Bad bill should never reach the floor
Many thanks to fellow columnist Dina Campeau for alerting me to a bill making its way through the California Statehouse: SB 264, sponsored by State Sen. Elaine Alquist (D-San Jose).
(An aside: Illustrating the joys of gerrymandering under which we lucky Californians live – thanks to the failure of voters and leaders to enact redistricting reform – Alquist’s 13th district includes, according to her Web site, “San Jose, Sunnyvale, Santa Clara, Mountain View and Gilroy.” Notice how her district skips right over Morgan Hill and San Martin?)

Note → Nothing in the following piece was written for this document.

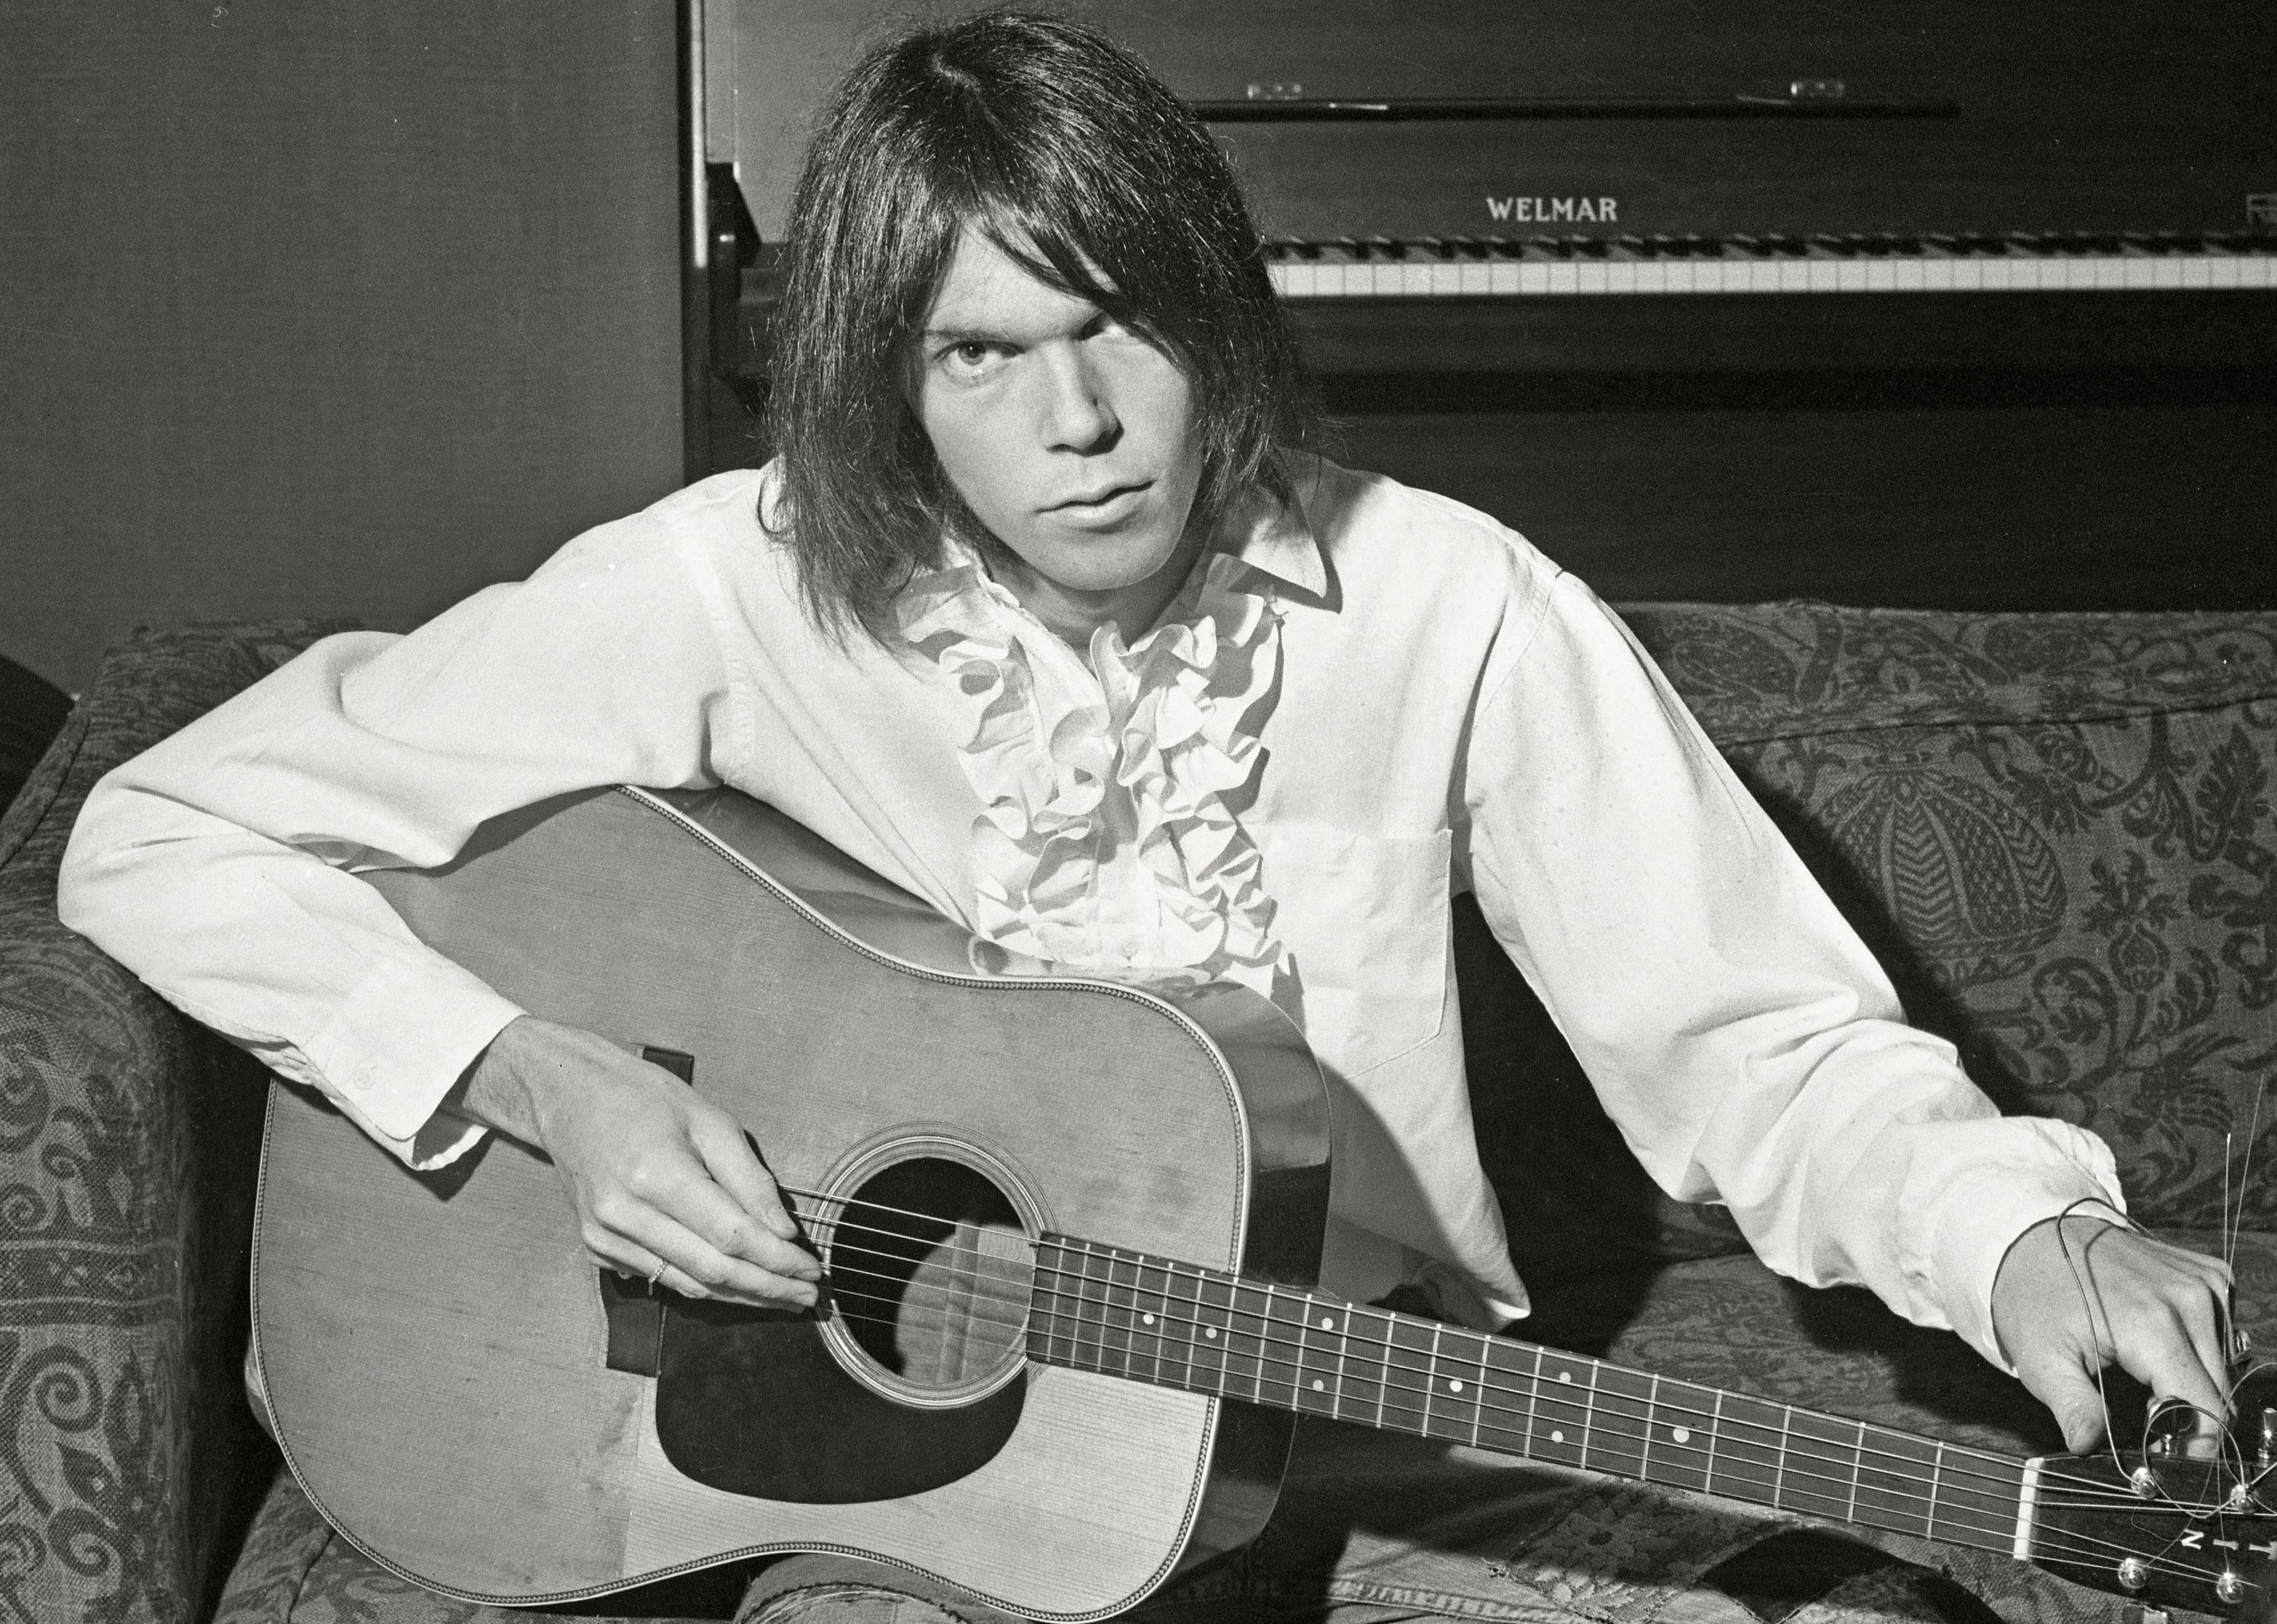 Neil Young holding a guitar on a couch.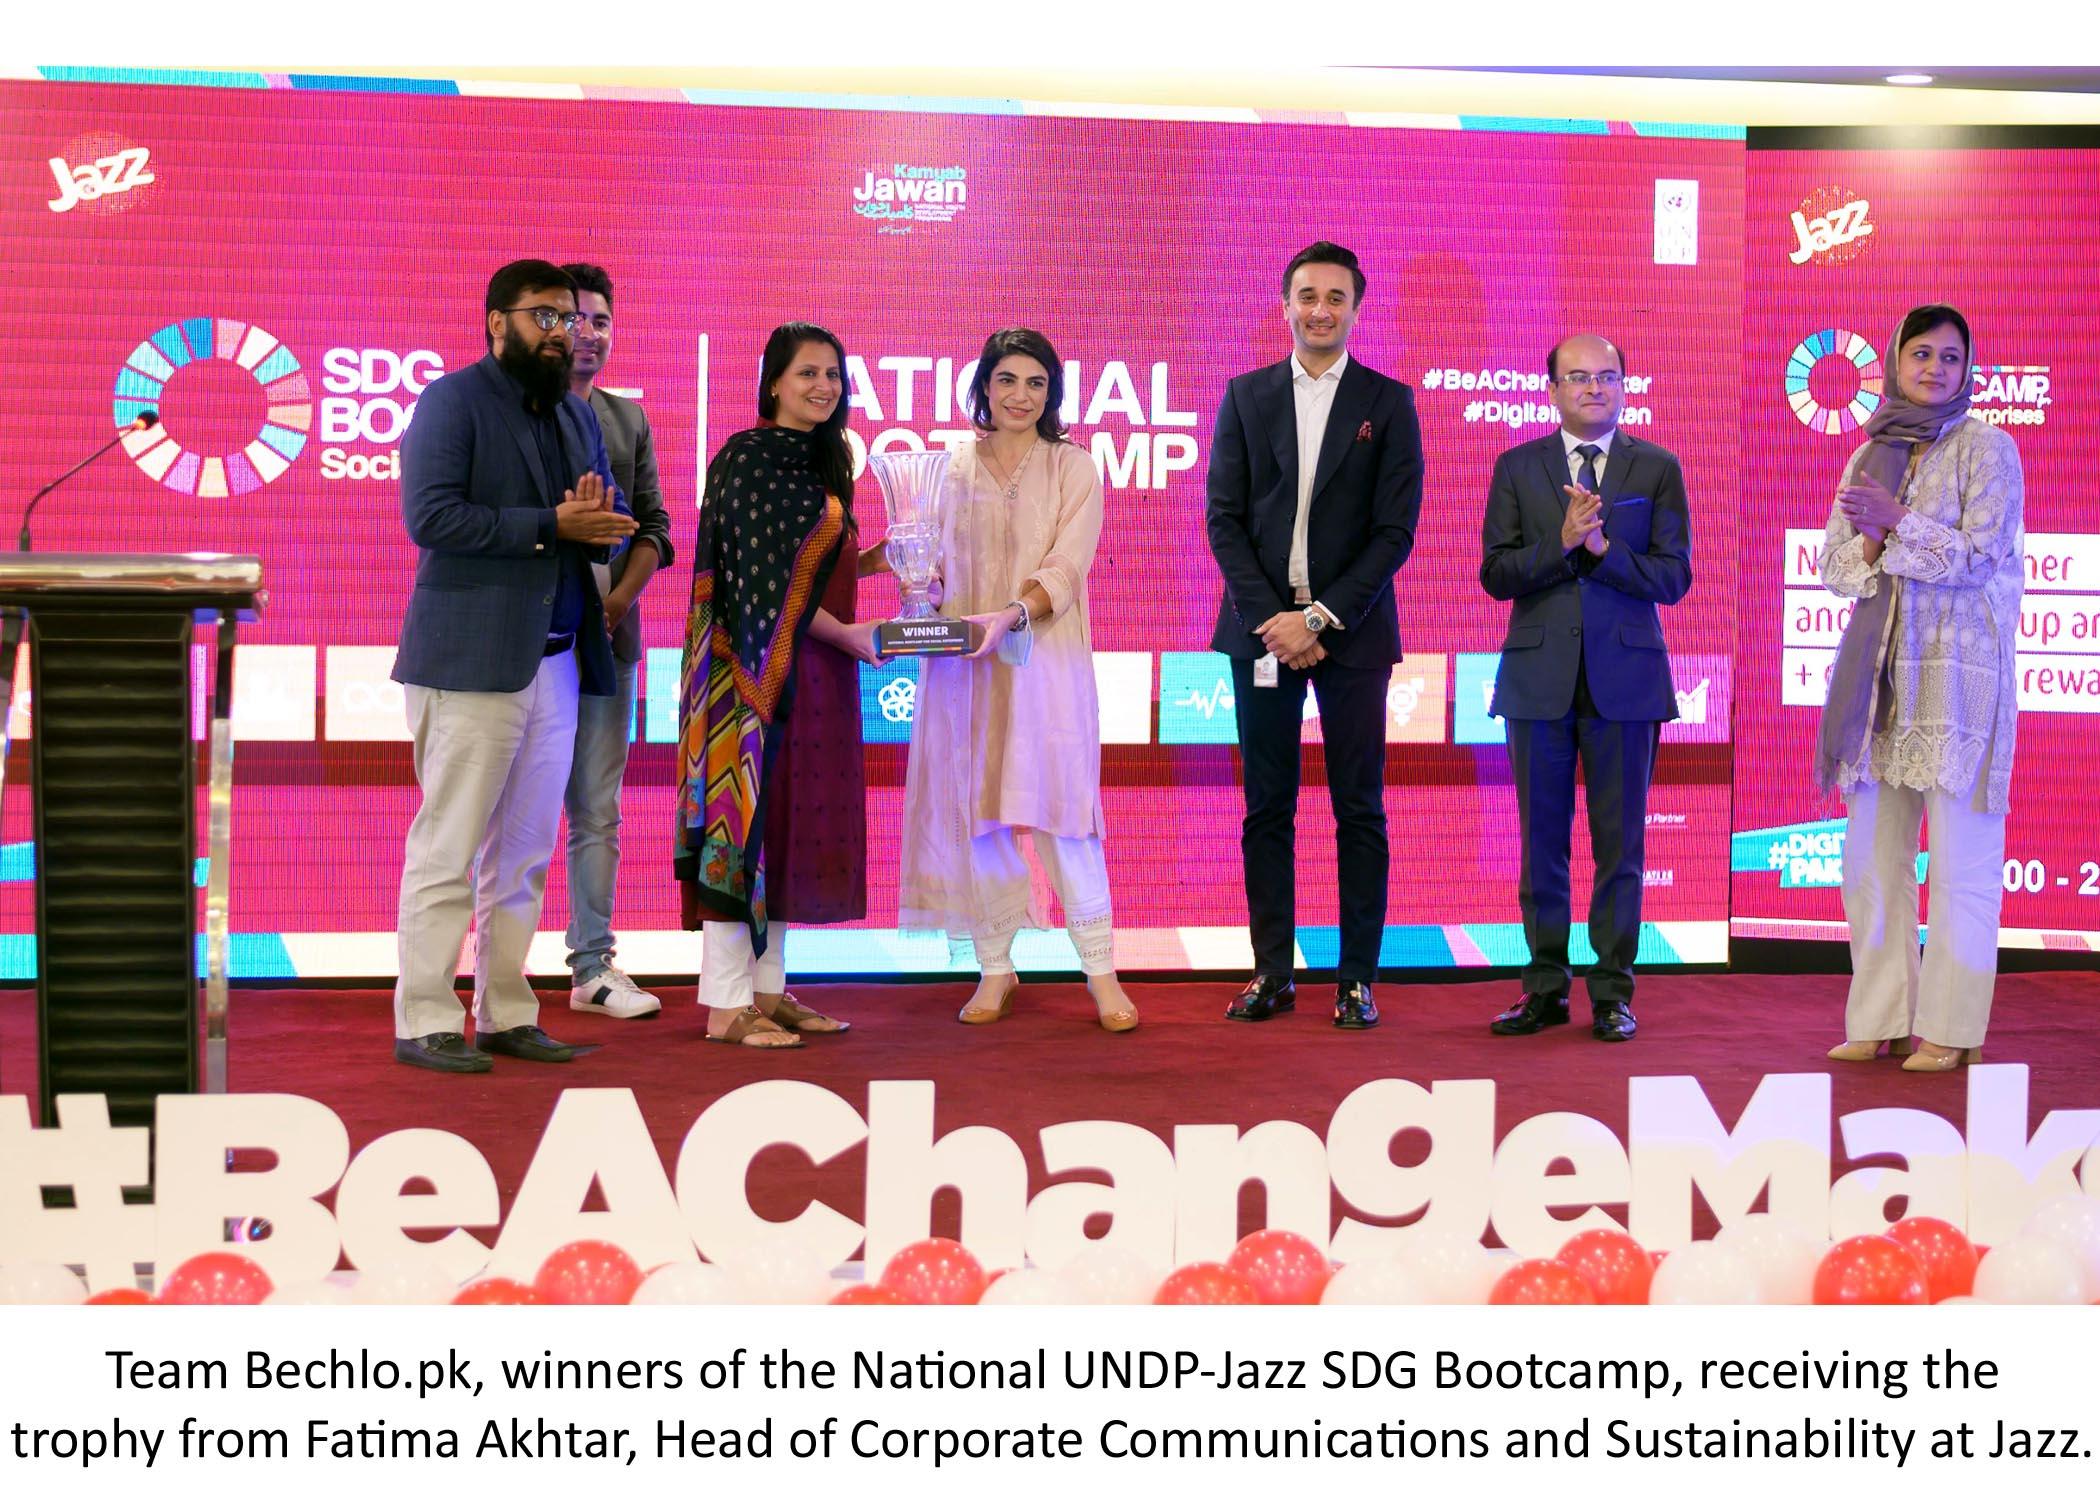 National UNDP-Jazz SDG Bootcamp concludes; Bechlo.pk bags top prize

If enacted, SB 264, entitled “Transactions and use taxes: Santa Clara Valley Transportation Authority,” would permit VTA – no other agency, mind you – to place sales tax measures of 1/8th-cent increments on the ballot. Currently, the smallest sales tax increase increment that cities, counties and agencies can place before voters is 1/4 cent.
I dislike this bill for a number of reasons.
First, I dislike bills that are written for one agency or one person. Why should VTA be permitted to place smaller-increment sales tax measures than any other city, county or agency in California?
It reminds of me of the bad bill passed by the U.S. Congress in March 2005 that applied to exactly one person: Terri Schiavo. Whether they sided with Schiavo’s husband or her parents, polls show that most American understood that Congress had no business interfering. The bill perverted the separation of powers carefully crafted by the Founding Fathers.
Just as the Schiavo bill was bad legislation, so too is SB 264. If 1/8th-cent increments are appropriate for VTA, they ought to be appropriate for every city, county and agency in California.
That’s enough reason to oppose SB 264, but I have more.
VTA has been repeatedly and emphatically told to get its fiscal house in order. The Santa Clara County civil grand jury studied VTA in 2005 and issued a scathing report on its deficiencies.
The grand jury chided VTA because it “has not reacted to the present budget problems with diligence.”
Two years later, the Hay Group’s audit released earlier this year echoed those concerns. Staff writer Tony Burchyn’s reported that the Hay Group found that “VTA’s financial capacity and future are uncertain and unstable.”
Those financial woes are compounded by the agency’s stubborn insistence on pursuing expanding BART from Fremont to San Jose.
Never mind that VTA cannot afford to build or operate the $5-billion, 16.3-mile line.
Never mind that the grand jury advised VTA to abandon the project, saying, “Spending limited resources on BART could squander an opportunity to build, maintain and operate a far larger network of transit options throughout the county,” and rebuking VTA for its failure to consider cheaper options.
Never mind that the BART extension project is so unwise that federal transportation officials have refused to recommend any further federal funding for it. And this was during the tenure of former San Jose Mayor Norm Mineta as Secretary of Transportation.
Never mind that the BART extension from San Francisco to SFO exceeded construction estimates, failed to meet rosy ridership estimates and has been a financial and litigious drain on BART and SamTrans.
But VTA’s problems aren’t just fiscal, they’re also political.
All VTA directors are appointed by member cities. One VTA board seat rotates between the Morgan Hill, Gilroy and Milpitas. Of course, South County’s interests and Milpitas’ interests are often quite different. It’s a ridiculous scheme with no accountability, and the BART-to-San Jose extension fiasco highlights that.
The grand jury criticized VTA’s board structure for being “too large, too political, too dependent on staff, too inexperienced in some cases and too removed from the financial and operational performance of VTA.” It reprimanded VTA directors because they rarely have “frank and open discussions on important matters of policy.”
The grand jury recommended a smaller board of directly elected representatives.
The Hay Group’s audit also addressed this issue, as Burchyns reported, concluding that “VTA governance does not operate as designed.”
Fixing VTA’s board structure requires state legislation – now that’s a bill Alquist ought to be sponsoring.
VTA needs a smaller, directly elected board of directors that equitably represents all parts of the region it serves. That’s a bill I could support.
But as for SB 264, I’m writing my representatives and urging them to vote no. I hope you will too. Visit smartvoter.org/gtg to find your representatives’ contact information.